Последняя страница с четко пропечатанным на лазерном принтере текстом гласила на тот случай, если этому не суждено случиться, я оставляю здесь эти тетради, самое длинное письмо, какое тебе когда-либо…
Тина не могла знать, что, когда Досточтимый мученик Ориол Фонтельес поздним вечером, сидя в одиночестве за учительским столом, писал эти строки, внезапно распахнулась дверь и в класс ворвался тип с кудрявыми волосами, которому даже в голову не пришло спросить разрешения у хозяина, что, впрочем, в полной мере соответствовало установкам его начальников из Фаланги, именно таким образом завоевывавших место под солнцем, которое, как они полагали, принадлежало им по Божьему велению. Вы должны немедленно явиться в мэрию, заявил он от имени алькальда. Ориол спрятал свою тетрадь среди ученических тетрадок, подумав при этом, что весьма неблагоразумно подвергать опасности свою жизнь и жизнь маки, оставляя свое послание практически на виду у врага.
Приказ есть приказ, и Ориолу пришлось надеть куртку, закрыть школу и идти в мэрию, так и не спрятав тетрадь за доской, и все это под насмешливым взглядом фалангиста с кудрявыми волосами. Вот и все, сейчас он скажет мы уже десять дней занимаемся расследованием и пришли к выводу, что это ты, сукин сын, тогда промахнулся.
– Мы уже десять дней расследуем одно дело, – сказал ему алькальд, едва Ориол переступил порог его кабинета. Учитель ничего не ответил, но сердце у него ушло в пятки. Валенти указал на мольберт, который стоял в углу, покрытый простыней с пятнами краски. – Сегодня у меня выдалась свободная минутка, – добавил он, даже не спросив, удобно ли Ориолу и хочет ли он стоять у мольберта.
Это был первый сеанс после неудавшегося покушения. Он впервые остался наедине с Валенти после того памятного дня, когда Букетик ошарашенно смотрела ему в глаза, а он целился в затылок алькальда Торены, – так, по крайней мере, ему казалось.
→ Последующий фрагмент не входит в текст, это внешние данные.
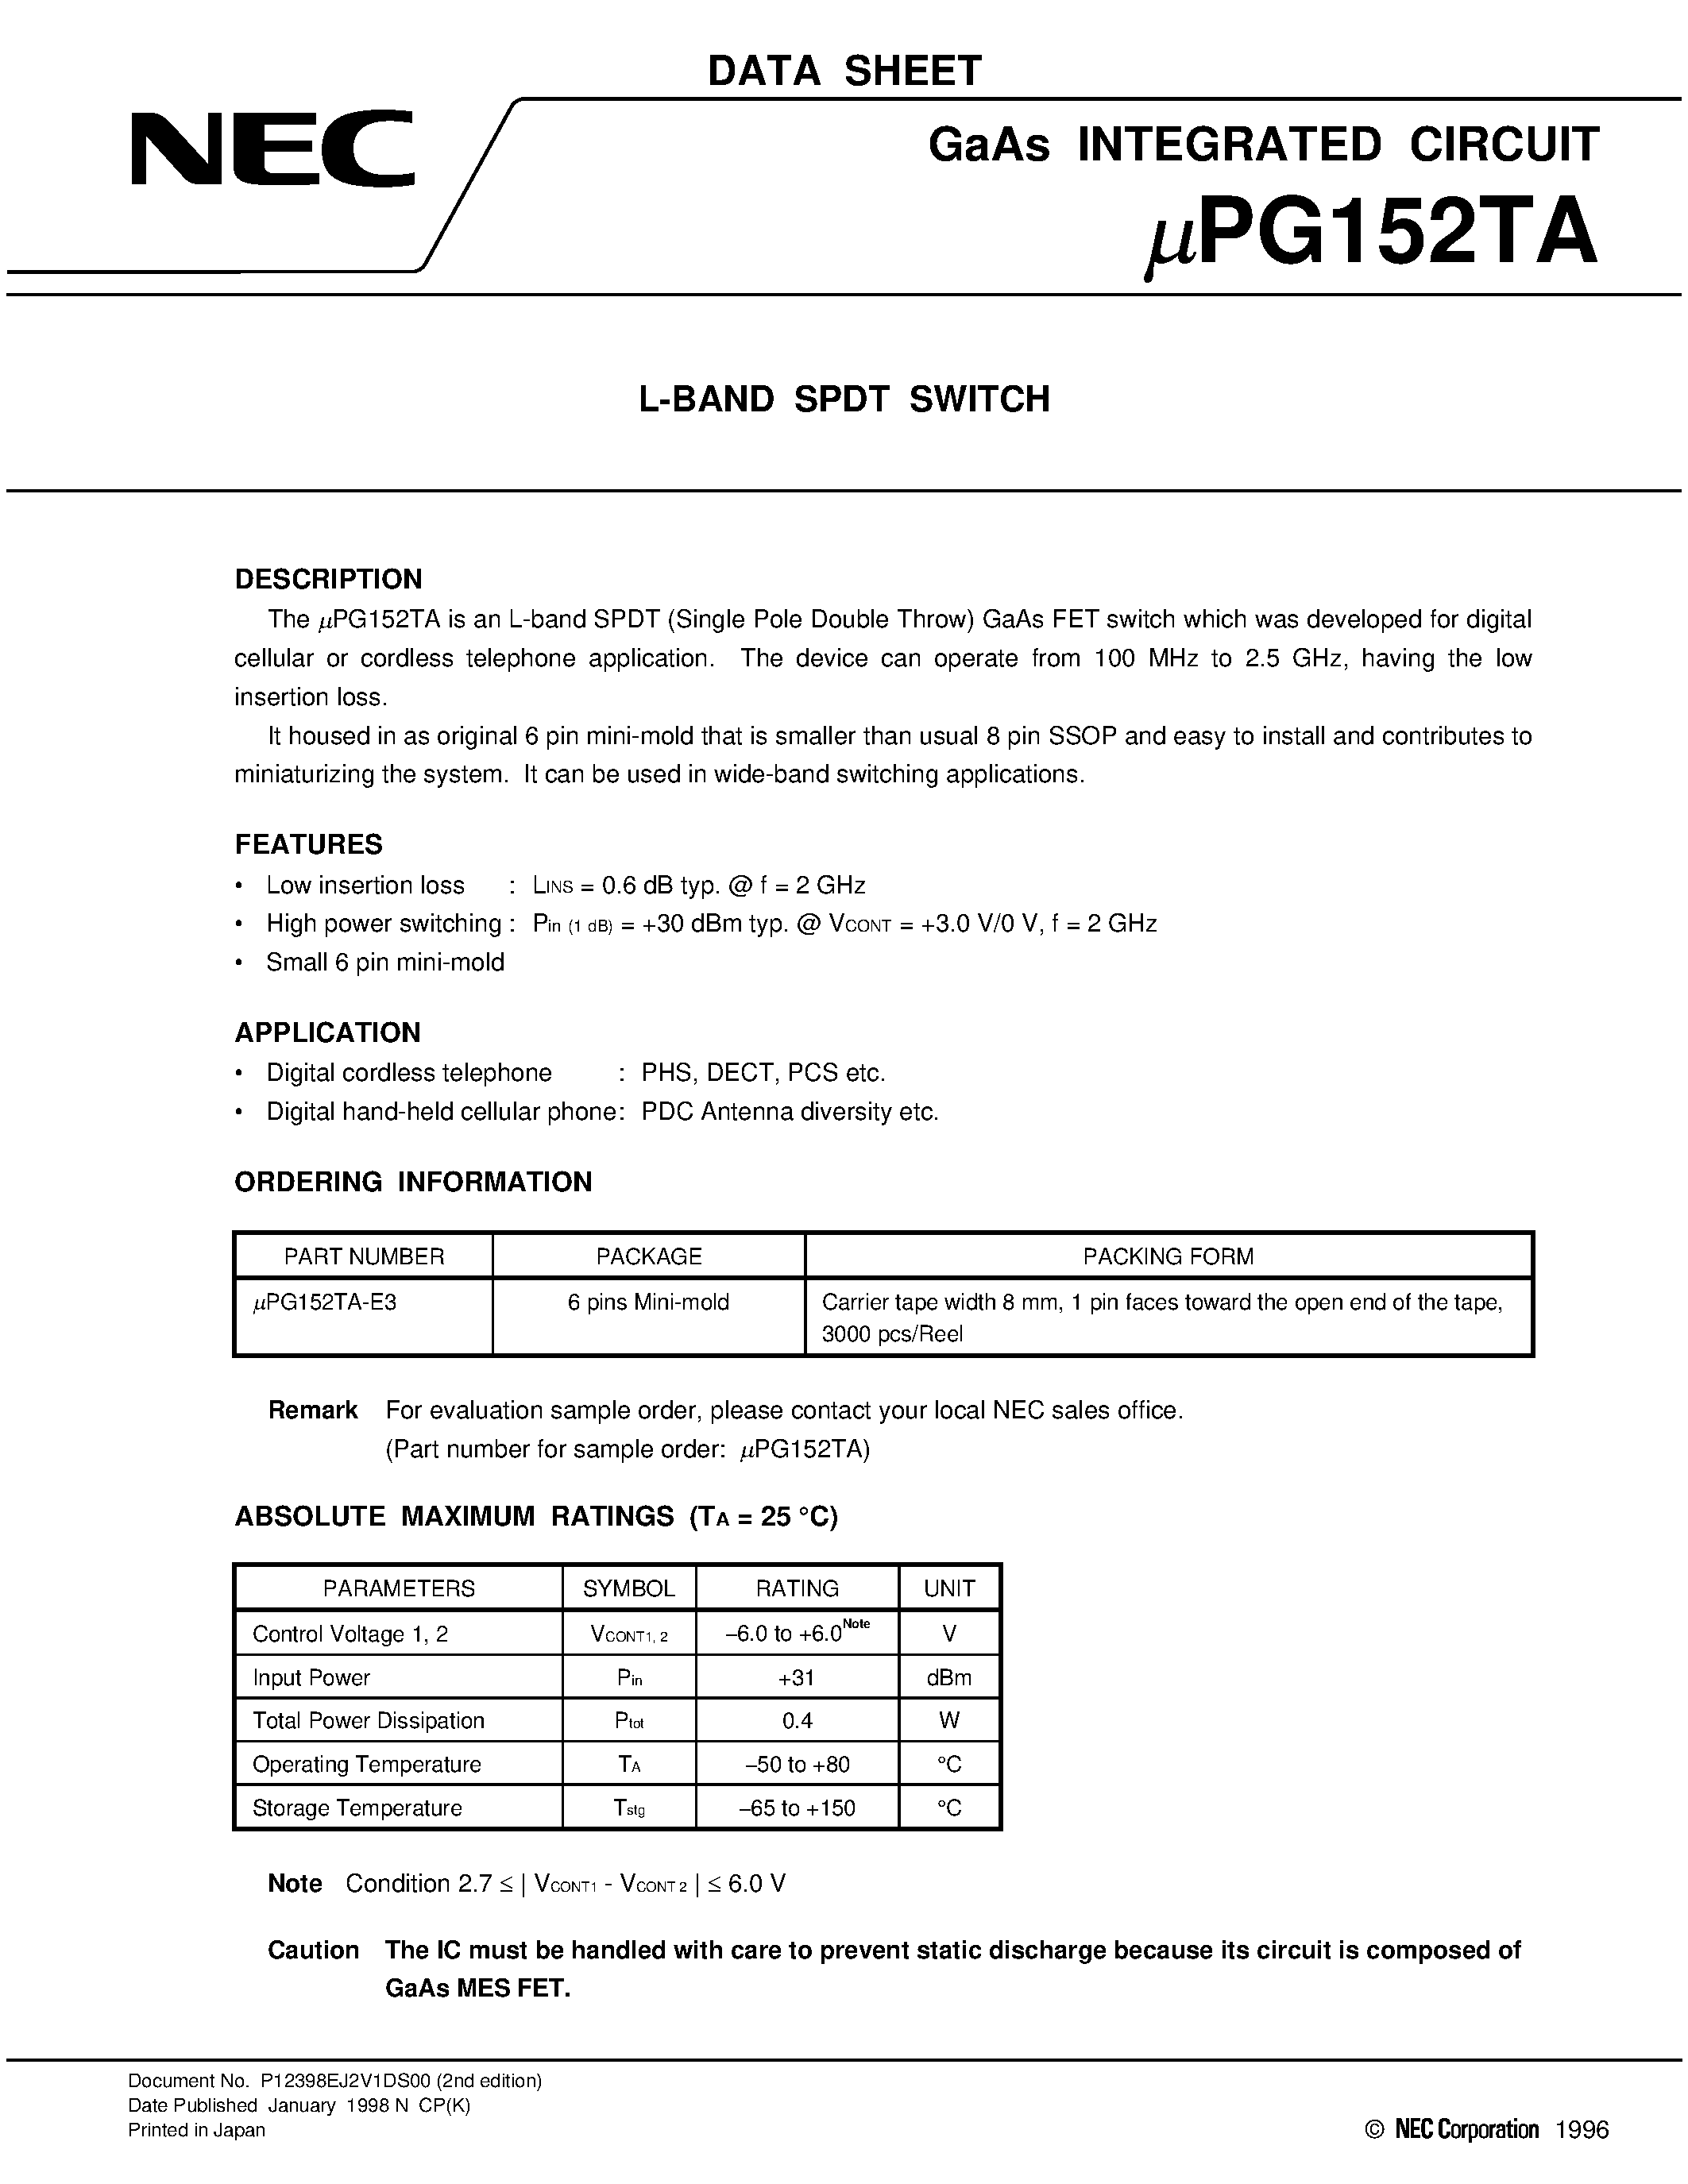 Даташит UPG152TA - L-BAND SPDT SWITCH страница 1

Валенти Тарга дисциплинированно принял правильную позу, в то время как Ориол нервничал так сильно, что у него никак не получалось подобрать краску в тон красного дерева стола.
– Что за дело? – услышал он свой голос. – Что вы расследуете?
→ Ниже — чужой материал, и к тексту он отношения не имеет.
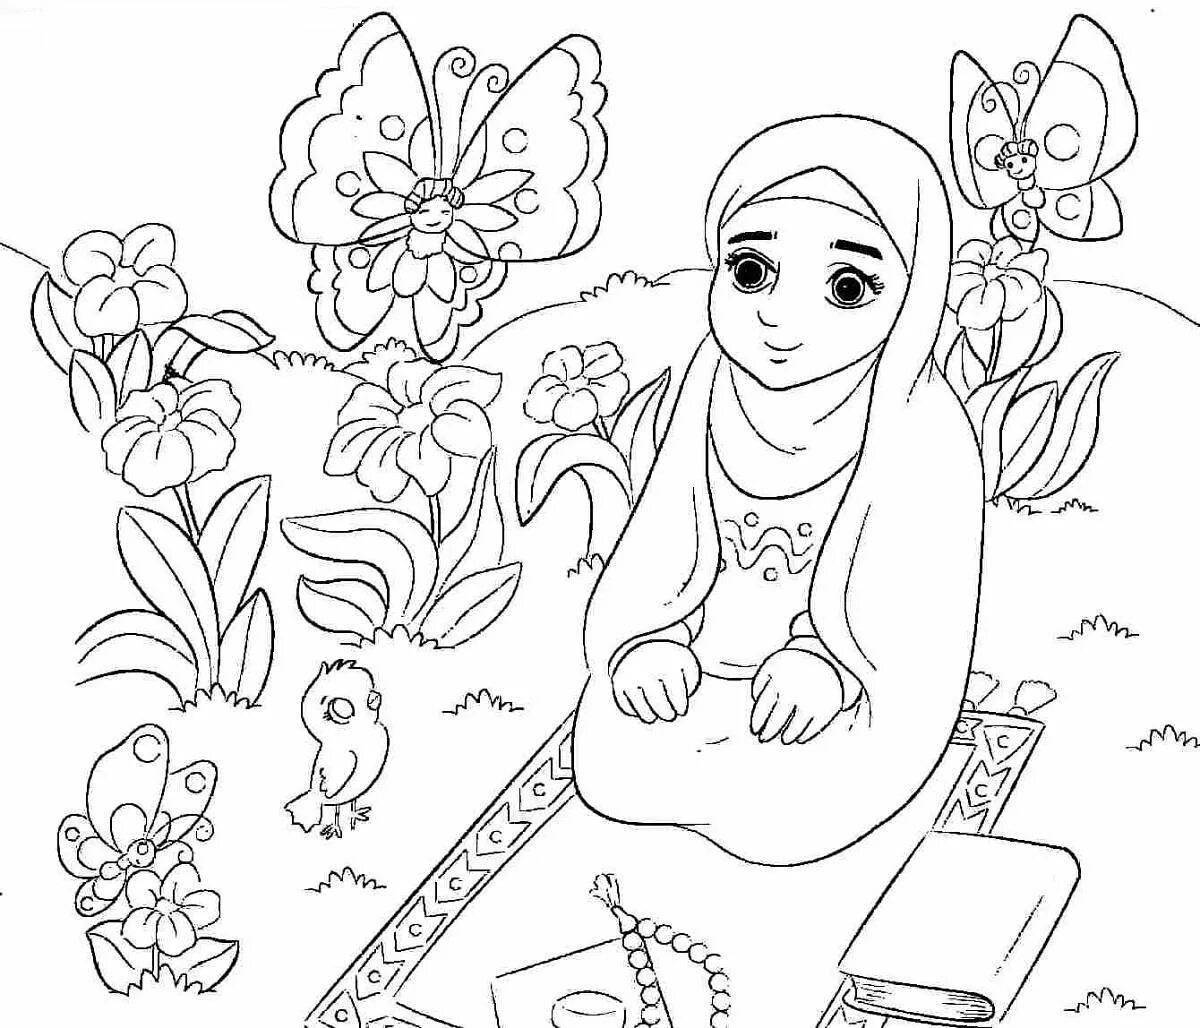 Fun coloring book for Muslim girls

– Да так, ничего особенного, – ответил Валенти. Потом, даже не спросив, не возражает ли художник, свернул папиросу. – Тебе знаком некий Элиот?
– Нет. Выньте папиросу изо рта.
Валенти сделал затяжку и послушно положил папиросу в пепельницу. Гипнотический столбик дыма, извиваясь, вознесся к тайнам темного кабинетного потолка.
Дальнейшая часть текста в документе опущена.